# books for young people



## bill c. (Dec 30, 2005)

I'm looking for some good historical fiction for young people. I've run across 2 authors; Deborah Alcock and Louise Vernon. Does anybody know anything about them? Any other suggestions. I've already given them the trilogy by Bond and it was a hit.
Thanks


----------



## VirginiaHuguenot (Dec 30, 2005)

I especially recommend the G.A. Henty books and Huguenot and Dutch historical fiction at Inheritance Publications (includes a brief bio of Deborah Alcock) -- see here as well (the A. VanderJagt Huguenot series is particularly good). 

I have also enjoyed _Flower O'The Heather_ by R.W. Mackenna (ISBN 0948278048); _Story of the Huguenots_ by F.A. Mann (ISBN 0892183764); _Saint Augustine: A Story of the Huguenots in America_ by John Musick (ISBN 0898755131); _Across the Wide Dark Sea: the Mayflower Journey_ by Jean Van Leeuwen (ISBN 0803711670); _John Wycliffe: Morning Star of the Reformation_ by Andy Thomson (ISBN 0890844534); and _Two Margarets_ by C. MacKenzie (ISBN 0906731437). There are many, many others out there. 
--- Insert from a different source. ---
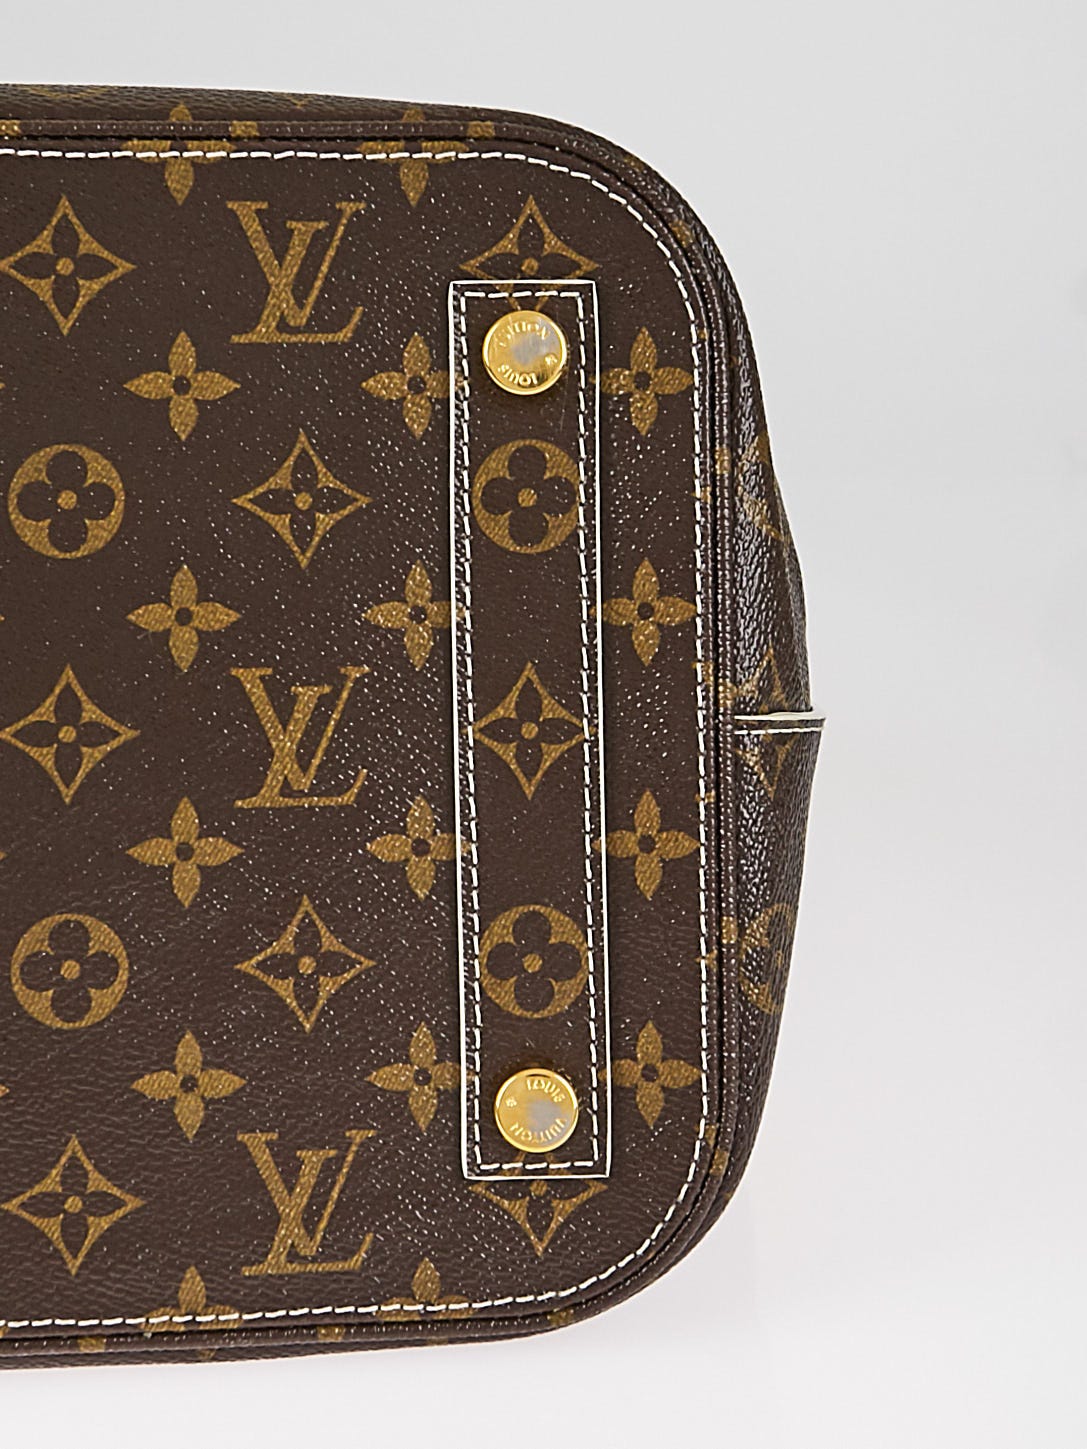 Louis Vuitton Packall Travel Bag In Monogram Coated Canvas Auction

I am working on my own historical fiction novel concerning the French Huguenot colony in Florida but it won't be available for some time.


----------



## Plimoth Thom (Dec 30, 2005)

Historical fiction was my favorite genre when I was a kid. During my later elementary years I read "Robinson Crusoe" by Daniel Defoe, "Kidnapped," "Treasure Island" and "The Black Arrow: A Tale of the Two Roses" by Robert Louis Stevenson. Also "The Last of the Mohicans" by James Fenimore Cooper. The hardcover editions of these books with the N.C. Wyeth illustrations are excellent. Wyeth is one of my favorite artists.


----------



## VirginiaHuguenot (Dec 30, 2005)

Robinson Crusoe and Swiss Family Robinson


----------



## bill c. (Dec 30, 2005)

Thanks for the ideas. I had forgotten about Henty, I'm glad his books have been republished.


----------



## VirginiaHuguenot (Jan 1, 2006)

Has anyone ever read _Young Calvin in Paris_ by William Blackburn?


----------



## VirginiaHuguenot (Jan 21, 2006)

I recently acquired _Tales Told in Holland_ (1926) edited by Olive Beaupre Miller. It contains folk stories and historical tales from the Dutch Golden Age. It's great reading for young and old.


----------



## RamistThomist (Jan 21, 2006)

www.bindingoftheblade.com

Utterly awesome. Dont browse too long on the site or the forums there. Might give away the endings. Books too good to be put in words.


----------



## Scott (Jan 24, 2006)

Rosemary Sutcliff has allot of good historical fiction for children. Eagle of the Ninth is an example.


----------



## VirginiaHuguenot (Aug 7, 2006)

> _Originally posted by VirginiaHuguenot_
> Has anyone ever read _Young Calvin in Paris_ by William Blackburn?



Or _The College Days of Calvin: His Study of Law and Theology at Orleans, Bourges and Paris_ by William M. Blackburn?


----------